Чувствовала странное влечение к заброшенным местам. Когда другие подростки ходили по магазинам или зависали в шумных заведениях, она находила старые дома на окраине, заглядывала внутрь и воображала, что там жили люди, чьи тени всё ещё стоят у стен. Иногда ей казалось, что она слышит их голоса, и это не пугало — наоборот, наполняло смыслом пустоту вокруг. Вспоминала, как впервые влюбилась — и первое время это было не счастьем, а тяжёлым грузом, потому что признаться не хватало смелости.
Она говорила о том, что ненавидела шум праздников, толпу и фальшивые улыбки, но могла часами слушать одну и ту же мелодию, пока все остальные звуки глохли. О том, что однажды она решила, будто обязательно станет кем-то важным — писателем или врачом, кем-то, чьё имя останется. Но потом смеялась над самой собой: «Я всегда была слишком неровной, чтобы дойти до конца».
Её голос дрожал, когда она признавалась, что больше всего боялась — исчезнуть бесследно. Чтобы никто не вспомнил, чтобы её имя затерялось. Она говорила это с такой тоской, что Винсент почувствовал, как холодное железо сжимало его внутри: ведь именно это с ней и произошло — её жизнь оборвалась, а теперь он держал рядом лишь её отражение. Ещё он понимал: хоть эта Робин — всего лишь образ, сотканный из его памяти и тоски, но в то же время он ловил себя на том, что верит её словам, как если бы всё это происходило сейчас, рядом и по-настоящему.
В какой-то момент она замолчала. И тогда она пододвинулась к нему ближе, нерешительно, как будто делала шаг в пропасть. Девушка коснулась его руки, обняла её — мягко, но так крепко, будто искала опору. Прижалась к нему, уткнувшись виском в его плечо, и Винсент застыл. Его дыхание сбилось, а мысли спутались. Пальцы её были теплее, чем он ожидал, и это тепло пронзило его до костей.
Он всё ещё не смел пошевелиться. Всё его тело будто превратилось в камень, но не от напряжения боя, а от хрупкости момента. Казалось, если он двинется хоть на дюйм — эта реальность рассыплется, как пепел, и он снова останется один. Поэтому не разрешал себе, сдерживался.
Через какое-то время Робин снова заговорила. Она устроилась удобнее, обняв его руку так, словно это было её единственным якорем, и продолжила плести венок, пальцы её теперь работали ещё медленнее, прерывались дрожью.
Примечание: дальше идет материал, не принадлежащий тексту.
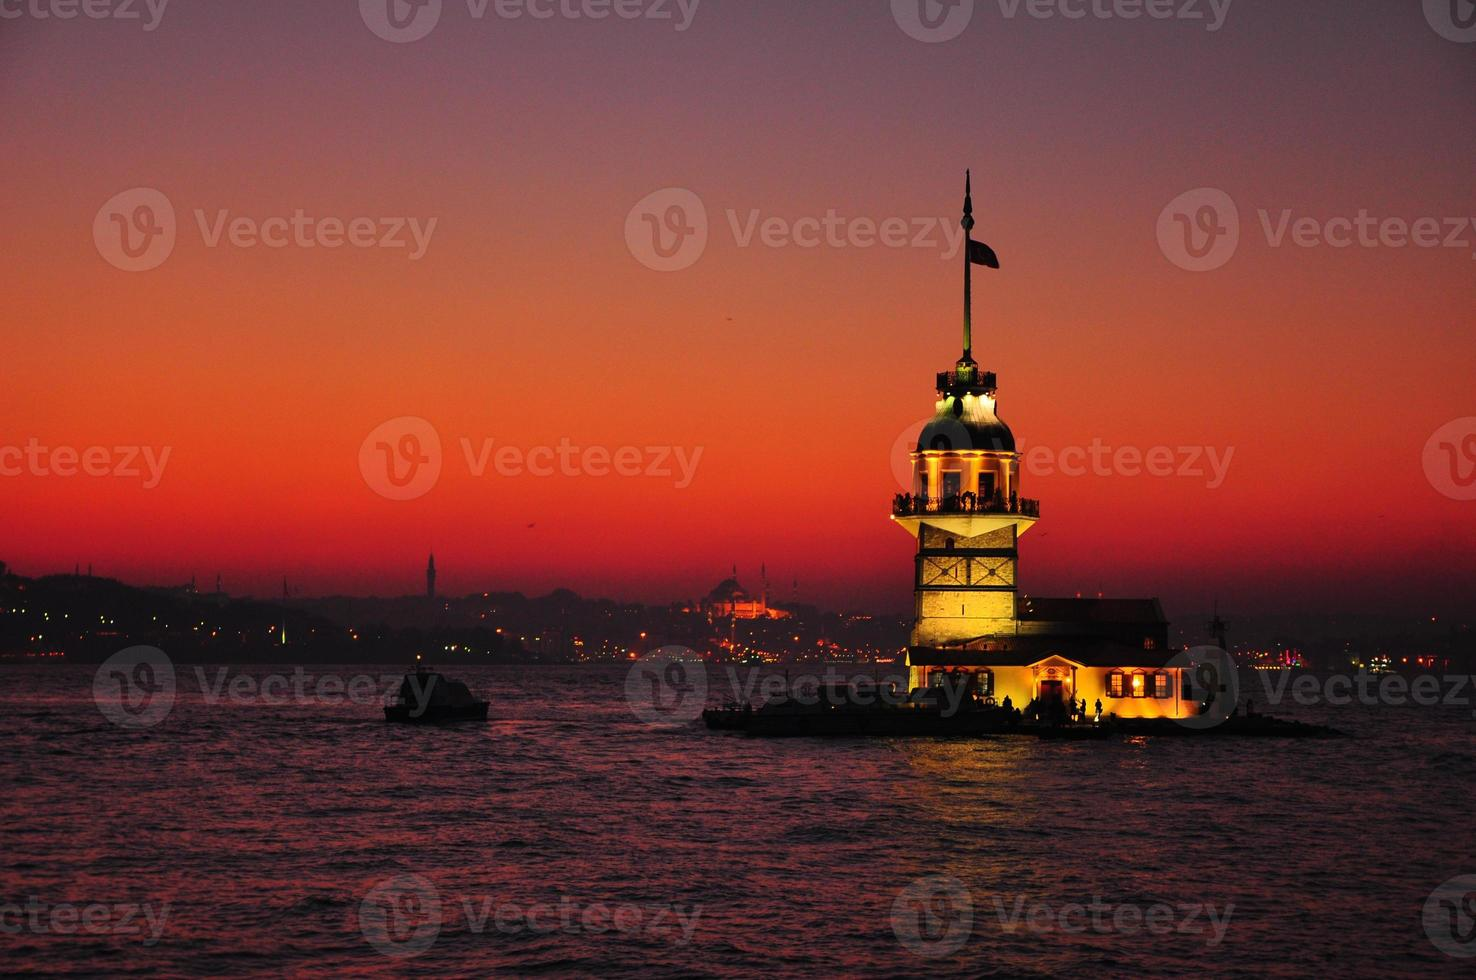 jungfru tornet i solnedgången foto
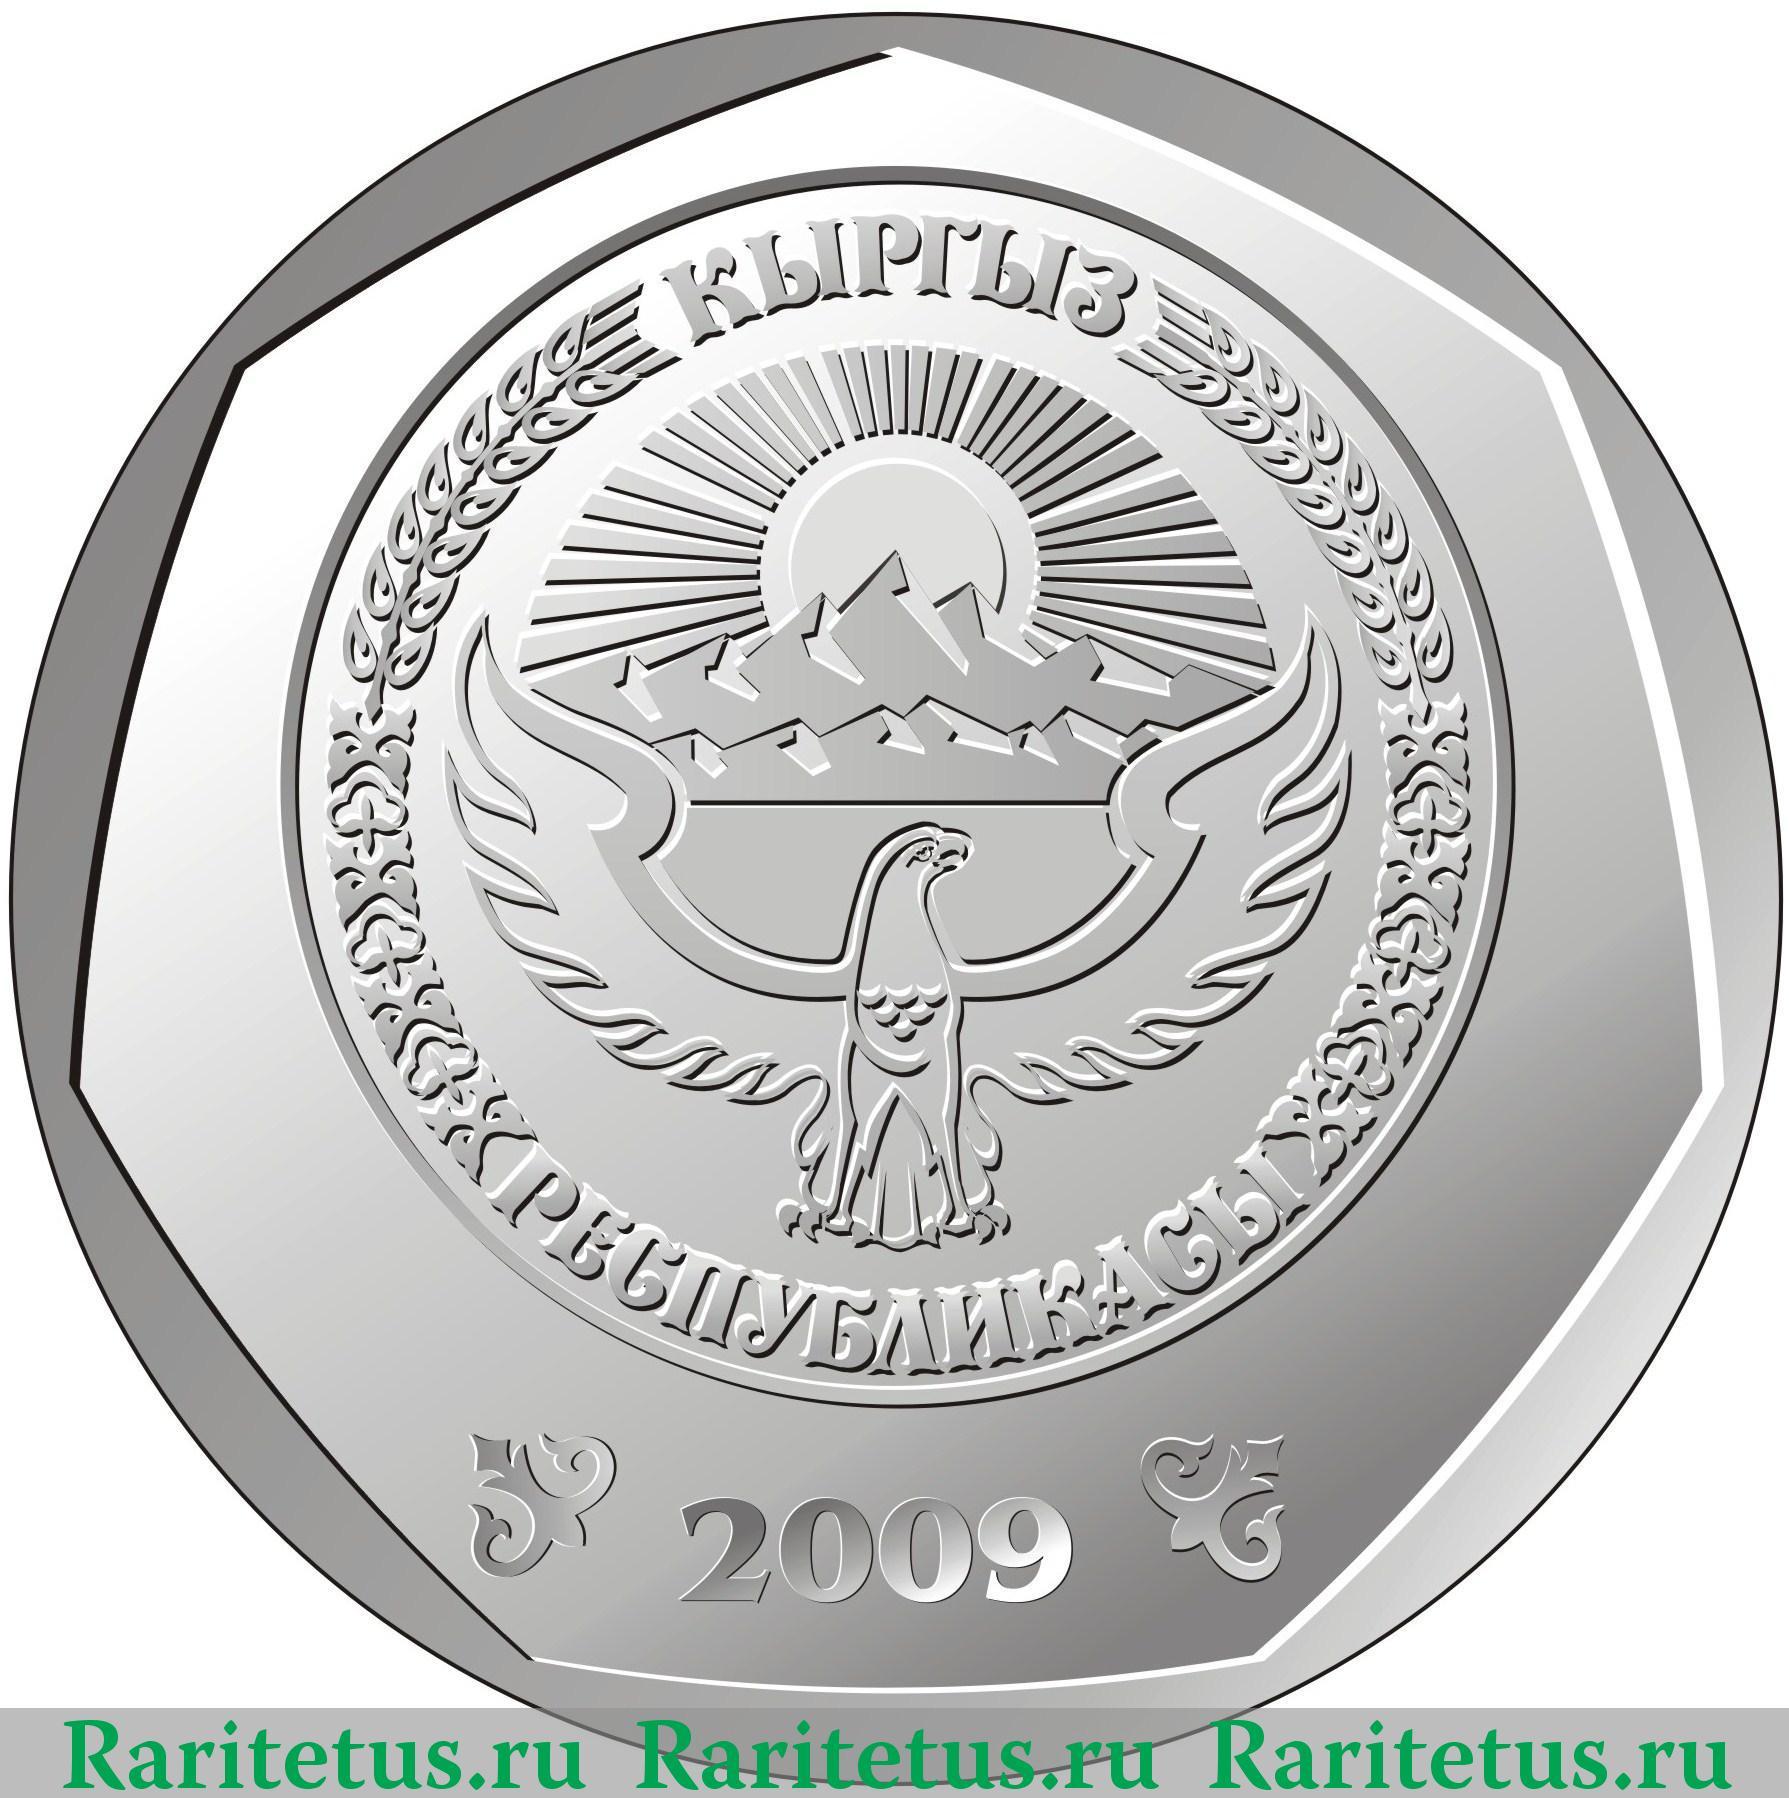 10 сом цена царские монеты опт

Сначала её голос звучал ровно, но затем в нём появилась ломкость, и Винсент ощутил, как что-то тёплое падает на его колено.
Её слёзы.
Она плакала, но не останавливала себя.
Робин говорила, что извиняется перед ним — неясно за что, но слова текли, будто прорвались из глубины. Обещала всё исправить, оставаться рядом, сделать всё возможное, чтобы он вернулся. Повторяла одно и то же разными словами, как будто пыталась заклясть саму пустоту, не дать ему исчезнуть.
Винсент же продолжал её слушать, впитывал каждое её слово, и не понимал. Всё звучало слишком странно, словно она обращалась к нему не из прошлого, а из будущего, которого он не знал. Он не понимал, почему она плачет, почему повторяет о том, что не отпустит, будто речь шла о какой-то угрозе, надвигающейся на него прямо сейчас.
Он хотел утешить её, хотел сказать, что всё хорошо, что он рядом, что ему не нужны её извинения, — но язык словно не принадлежал ему. Он уже хотел поднять руку и обнять её за плечи, прижать ближе, чтобы она не дрожала, сделать всё что угодно, — но тело не подчинялось. Всё, что ему оставалось — это сидеть неподвижно и слушать, как она плачет, прижимаясь к нему и сжимая его ладонь.